Rental Dementia: Invasive Applications

| 11 Nov 2014 | 01:28

    Certain assumptions can be helpful in saving time, so I skipped the formality of verifying his income. Who would have guessed a plastic surgeon would have any trouble qualifying for a $3,000-a-month rental?

    A good, thorough agent pre-qualifies every potential client, making certain that they have the income and, more importantly, can prove it on paper. I’m not that agent. I still sometimes naively believe that if they want the apartment, I’ll find a way to get them into it. Though explaining to a new renter why they need to provide such sensitive financial information to a landlord can be harder than explaining why they’ll pay through the ass for it. People basically hate turning over their bank accounts and tax returns to anyone, let alone a shabby rental agent. But this guy should have been a lock.

    His office was on East 77th Street, and he wanted to be as close as possible to his work. I guess you never know when someone will need an emergency nose job. I held back a chuckle when he added, “On 77th Street would be perfect, and a doorman would be great.” Somewhere on the planet this rational may make sense, but it’s hard enough to find a decent space in the right neighborhood, let alone on a specific street. In a city this diverse, why anyone would want to live and work on the same block is beyond me. If 77th Street had a good diner and dry cleaner, my new client could avoid turning a corner for the next five yeas. I pictured him in his O.R. scrubs ordering, “The usual, Sam.” But what do I know? A one bedroom in his price range with an elevator but no door jockey was sitting vacant on East 77th. His next option was five short blocks away, a little pricier, but with a doorman. I pitched him both and added just a touch of wisdom, “You can’t have it all, so decide what is more important.”

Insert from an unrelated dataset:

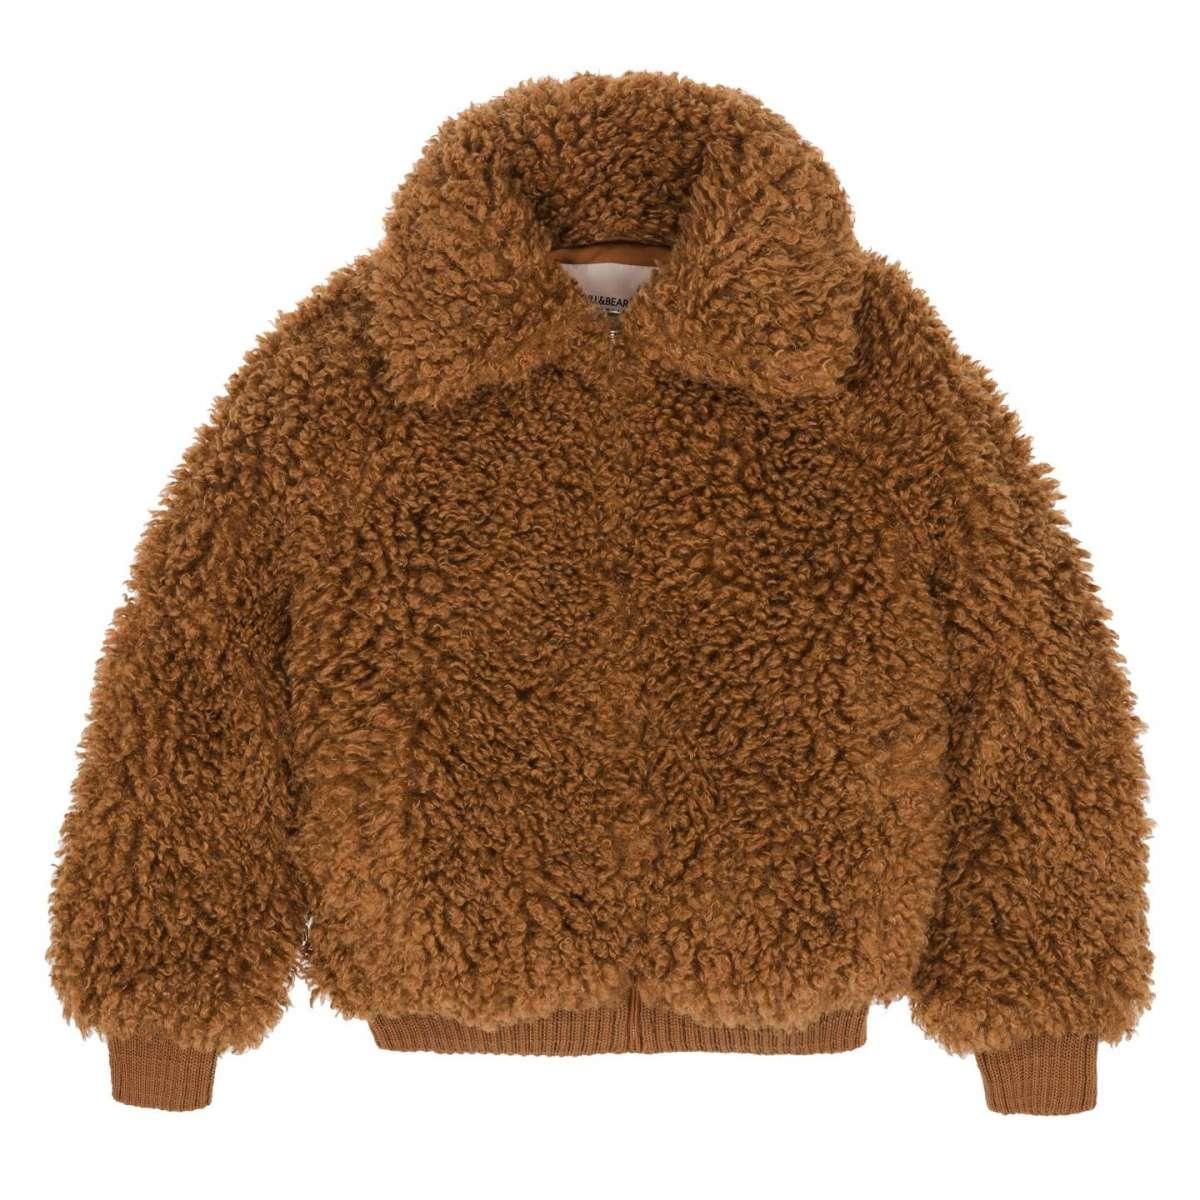 Giubbotto in pelliccia ecologica Pull and Bear

    He wanted to see both, and our little tour would have taken less than an hour had I not gotten that whole East/West thing wrong. I could have sworn the keys to our second view were in an office on East 73rd, but didn’t realize they were on West 73rd until we were standing in front of the wrong building. I shrugged, “Sorry … my bad.” He waited at his office while I took a cab across town. An hour later, I was in another cab heading back to return keys and grab an application. He actually wanted the apartment. Lucky me, right?

    The application fee was a whopping and non-refundable $200 bucks. Beyond that it was standard: tax return, pay stubs, letter of employment, etc. At the time, the apartment was still free and clear with no other applications, but an open house loomed over the weekend. Not a problem, it was Friday morning, and we had all day to be the “deal up.” I’d even spot him the fee so that he could fax everything else. We could be done by noon, but here is where, naturally, the trouble started.

    He’d never rented in New York before and couldn’t understand why they wouldn’t simply take his word for income verification. In fact, he took their probing as a personal insult. He’d only been in business a year and hadn’t yet filed a tax return. His accountant wasn’t available to get us a letter. As he worked for himself, an employment letter was tricky. I have no idea how a doctor structures his business; it seemed crazy to me, but his checks were all deposited into a personal account. He considered providing even that information invasive and an unwarranted hassle to him. My only other option was to suggest a guarantor, but his ego would hear none of it. He claimed to have made over $100,000 last year, he just didn’t understand why he had to prove it.

    I was stuck. I didn’t know what to tell him. He wanted to know why they were “breaking his balls” and why I was unable to guide him through the process. His war cry was, “I can’t be the first person in the history of this city to have this problem!” But I was beginning to think that maybe he was. Not so subtlely, he was demanding I find another way. I suppose it seemed absurd to him that a surgeon ought to be put through such a degrading process. On the other hand, he cuts into and rearranges healthy faces for a living, so I wasn’t about to argue over what qualifies as excessive.

    The application never made it in. The open house was a bust, and the space was still available Monday morning. Perhaps he found the one landlord left in New York willing to take a tenant on a handshake and a promise. I couldn’t tell you, as he never returned my phone calls. Or maybe he finally realized that being a surgeon isn’t enough to get him into a nice Manhattan apartment. Chances are he’s still living with his parents and driving down from Westchester every morning. I guess Manhattan’s not for everybody. Not yet anyway.